Las increíbles declaraciones de un alto prelado polaco, el padre Edward Staniek, expresado el viernes pasado durante una homilía, recorren el mundo. Sus palabras sorprendieron a los fieles presentes e hicieron que inicialmente muchos feligreses pensaran que tenían un error.

Un caso real estalló dentro de la comunidad católica de Polonia, fue revivido primero por los medios locales y ahora aparece en las primeras páginas de los periódicos de todo el mundo. El protagonista no es un sacerdote ordinario, sino un miembro importante de la llamada iglesia "tradicionalista", a menudo en contraste con el cuidado pastoral del Papa Bergoglio [VIDEO].

Don Edward Staniek es un sacerdote muy conocido en Polonia, fue ordenado sacerdote en 1965 por un "cierto" Karol Wojtyla, entonces un joven obispo de Cracovia y celebró el prestigioso puesto de rector del seminario de Krakow, durante casi una década entre 1993 y el 2001.

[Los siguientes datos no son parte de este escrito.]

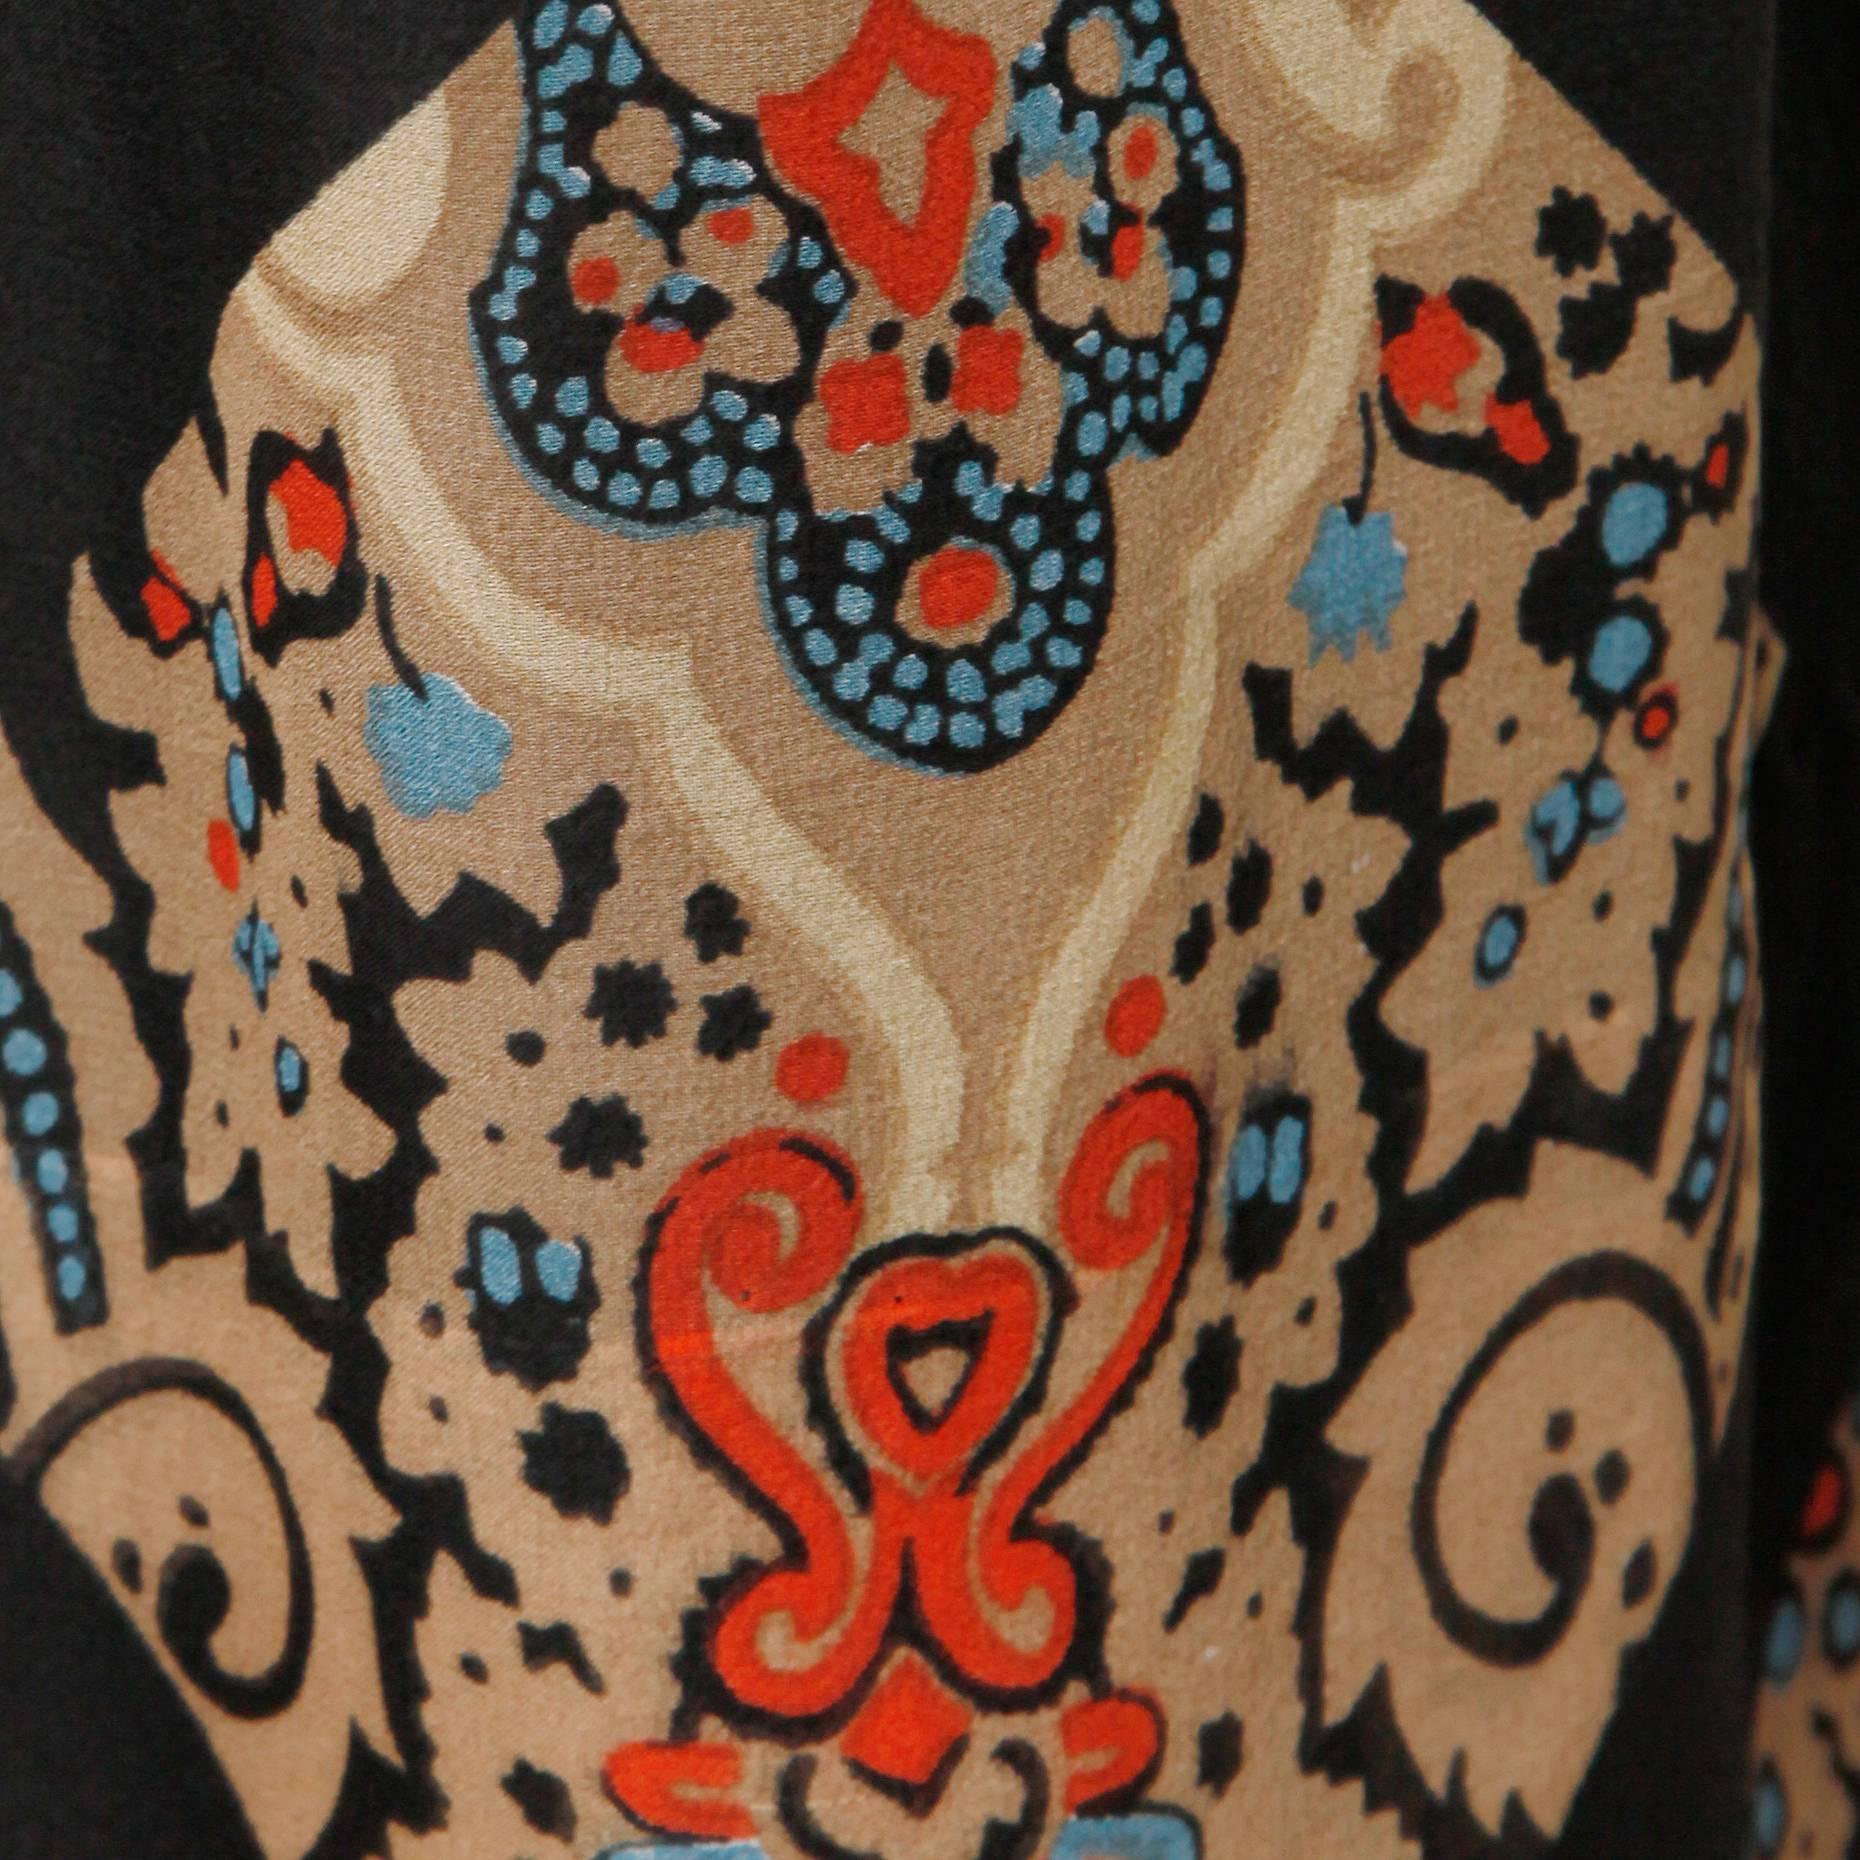 Darling vibrant printed silk dress by Oscar de la Renta with an ascot neck tie and long sheer sleeves. Gorgeous vintage print in black, taupe, red and blue. Rear zip and hook closure. Partially lined. Marked size is a US 8, but it fits more like a

Palabras de una gravedad nunca vista, nunca escuchadas durante una homilía

En esencia, el prelado se habría expresado en el Papa Bergoglio con términos que no pueden definirse como irrelevantes. Básicamente, el padre Staniek habría dicho que estaba orando para que Francisco tenga discernimiento, pidiendo que su corazón esté abierto al Espíritu Santo, deseando poder regresar a la Casa del Padre lo antes posible.

Luego concluyó estas palabras, consideradas por muchos como ilusorias, con la esperanza y el deseo de que Papa Francisco [VIDEO] no sufra y tenga la "gracia" de tener "buena muerte".

Como se puede imaginar, estas palabras han dejado atónitos a los fieles presentes y en poco tiempo han tenido gran eco en toda Polonia.

Inmediatamente, por supuesto, la intervención del arzobispo de Cracovia, que prontamente condenó y censuró los deseos del padre Edward. Sus palabras fueron claras y decisivas, mostrando tristeza y amargura por lo que se dijo sobre el Papa Francisco.

Para los medios locales, durante algún tiempo el Padre Staniek se había posicionado en términos muy críticos sobre el magisterio iniciado por Bergoglio, a menudo presentando públicamente sus numerosas aperturas que definió como " demasiado liberales". Además, la actitud del vaticano hacia la comunidad musulmana, según el predicador, alejaría a la Iglesia de Jesús.

Lo más probable es que, como de costumbre, no haya más comentarios desde el exterior y la pregunta se resolverá tratando de limitar el posible alboroto adicional, como siempre ocurre en las salas secretas del Vaticano.